UKRAINIAN LEFTISTS STAGE MAY DAY RALLIES... Ukrainian Communists and other left-wing organizations staged a number of what were generally sparsely attended rallies in some cities to celebrate the May Day holiday, Ukrainian media reported on 1 May. In particular, May Day rallies reportedly gathered 2,500 people in Kyiv, 6,000 in Sevastopol, 5,000 in Donetsk Oblast, and 1,000 in Kharkiv. Speaking to demonstrators in Kyiv, Communist Party leader Petro Yushchenko denounced the policy of President Viktor Yushchenko as "pro-American" and likely to lead to "the impoverishment of the Ukrainian people and a split in the centuries-old fraternal relations with Russia," ITAR-TASS reported. JM

...AS PRESIDENT ATTENDS ORTHODOX EASTER SERVICES. This year May Day coincided with the Easter holiday observed by Orthodox and Greek Catholic (Uniate) believers in Ukraine. President Yushchenko attended Easter services in the Uspenskiy Cathedral (under the jurisdiction of the Moscow Patriarchate) and the Volodymyrskiy Cathedral (Kyiv Patriarchate) in Kyiv in the early hours of 1 May, Ukrainian media reported. Yushchenko's schedule for the following week includes a vacation in Crimea from 2-6 May, the CIS summit in Moscow on 8 May, and celebrations of the 60th anniversary of the victory over Nazi Germany in World War II with veterans in Kyiv on 9 May. JM

U.S. BACKS UKRAINIAN PRESIDENT'S PEACE PLAN FOR TRANSDNIESTER. The U.S. permanent representative to the Organization for Security and Cooperation in Europe (OSCE), Paul Jones, said in a statement distributed by the U.S. State Department that Washington supports President Yushchenko's initiative concerning the settlement of the Transdniester conflict, Infotag reported on 29 April. Speaking at the GUUAM summit in Chisinau on 22 April, Yushchenko proposed a seven-point plan aimed at resolving the long-running conflict (see "RFE/RL Newsline," 27 April 2005). Yushchenko's peace proposal would entail holding free and democratic elections in Transdniester under the aegis of the EU, the OSCE, the United States, and Russia, and the replacement of the Russian peacekeeping forces in Transdniester with international military and civilian observers. Jones said Washington will carefully study Yushchenko's initiative and will discuss it with Ukraine, Moldova, and other international mediators and interested parties. JM

The news media are under severe duress in virtually all of the countries of the former Soviet Union. In the former Soviet republics of Central Asia this condition is particularly acute.

The troubled state of Central Asia's news media is put into perspective by data from Freedom House's annual survey of press freedom. All of these countries fall into the category of "not free." Most disturbing, however, is the countries' trajectory. All of these lands, save Tajikistan whose ratings have improved since the end of that country's violent civil war, now enjoy less press freedom than they did a decade ago.
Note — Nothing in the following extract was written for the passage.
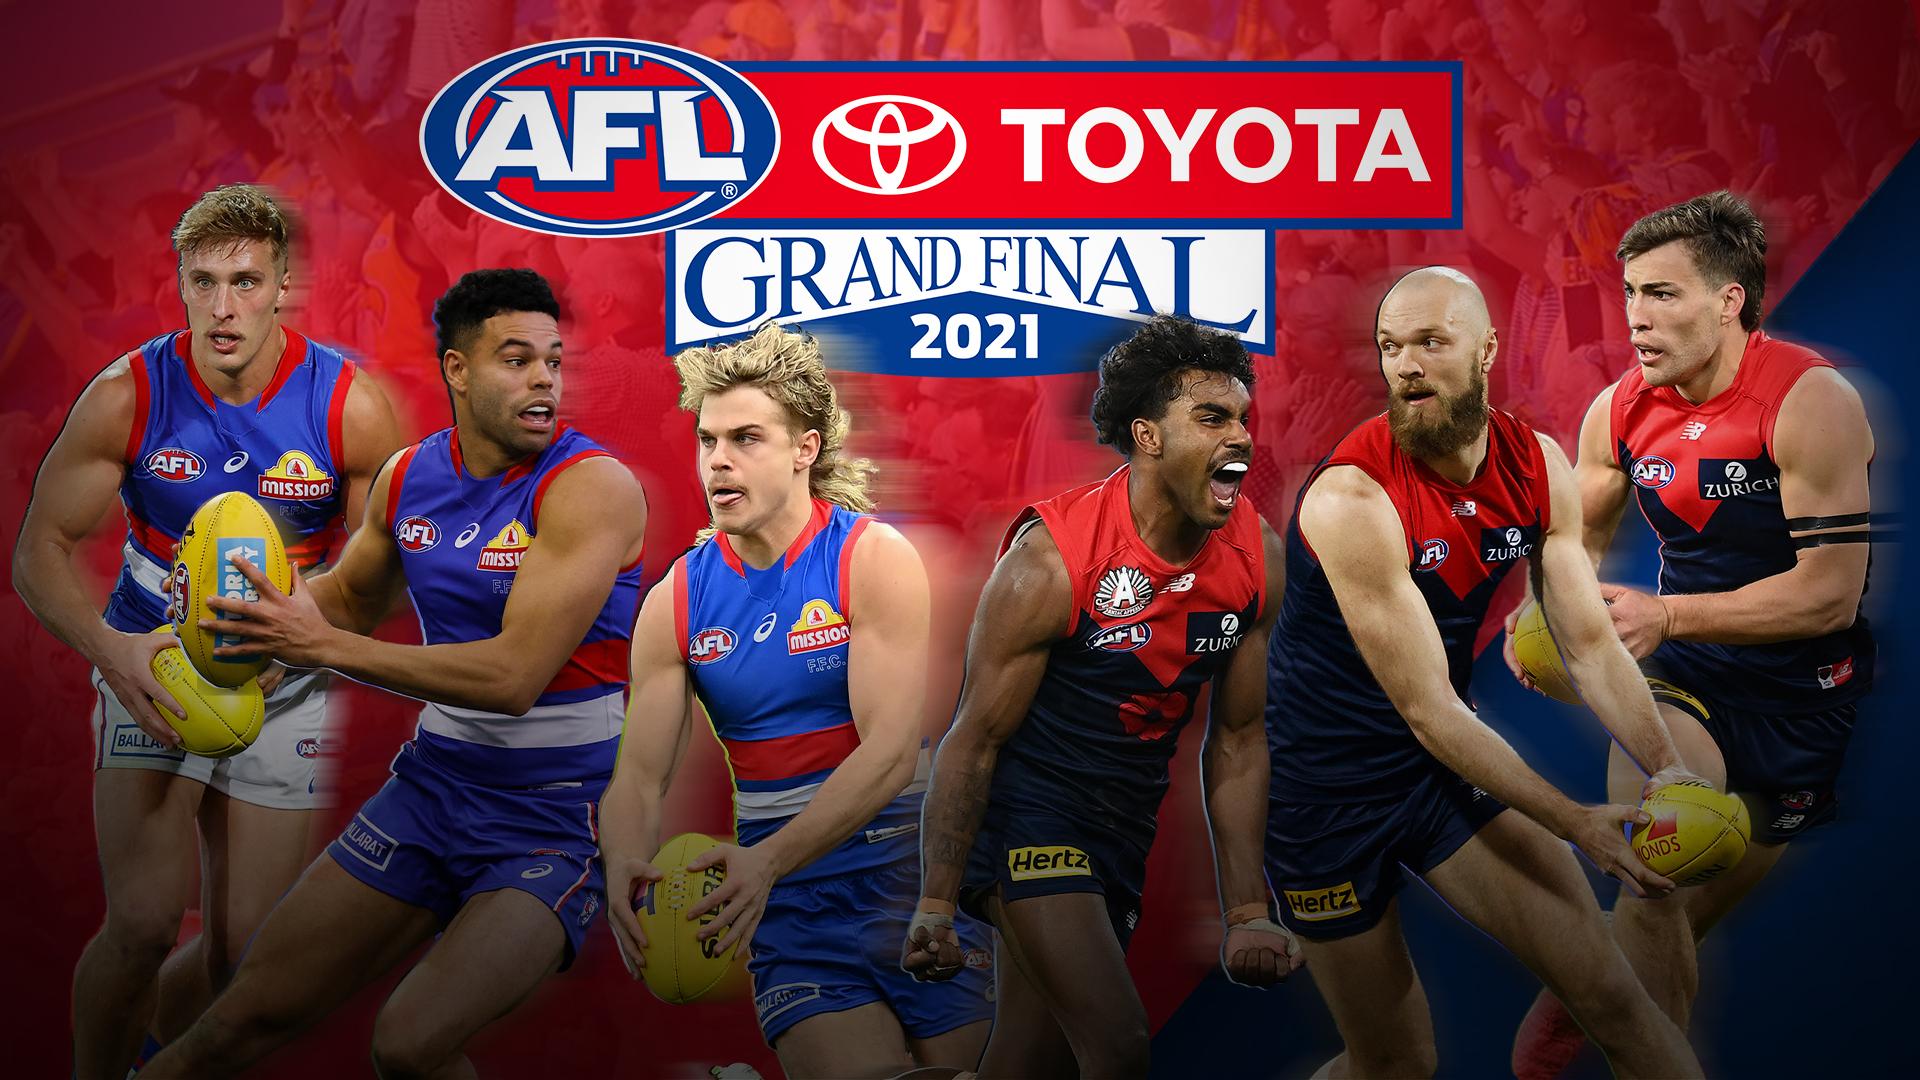 Seven's AFL Grand Final: #1 show of 2021

The tools of media manipulation and control range from the subtle to the brutal. Already marginalized independent media confront a range of obstacles, from unusually vigilant tax inspectors to physical violence, including the killing of journalists.

This systematic abuse results in a massive information gap that warps the development of these societies and deprives its citizens of the free flow of information that can bring about democratic progress.

It should therefore come as no surprise that the state television broadcast facility was of particular interest to protesters in Kyrgyzstan, who in March jettisoned the regime of then President Askar Akaev. The protesters' taking of the airwaves released the information spigot that had been all but closed to the opposition during campaign leading up to the recent flawed parliamentary elections.

The authorities in Tajikistan, which also held parliamentary elections in February, undertook their own campaign to rein in media. Citing alleged tax violations, the authorities shut down several newspapers, including "Adolat," "Odamu Olam," and "Ruzi No." Peter Eicher, chief of the OSCE's Office for Democratic Institutions and Human Rights, said of the Tajik authorities' treatment of the news media that "it seems to represent a pattern of government interference with independent media and this has an effect which undermines democratic elections."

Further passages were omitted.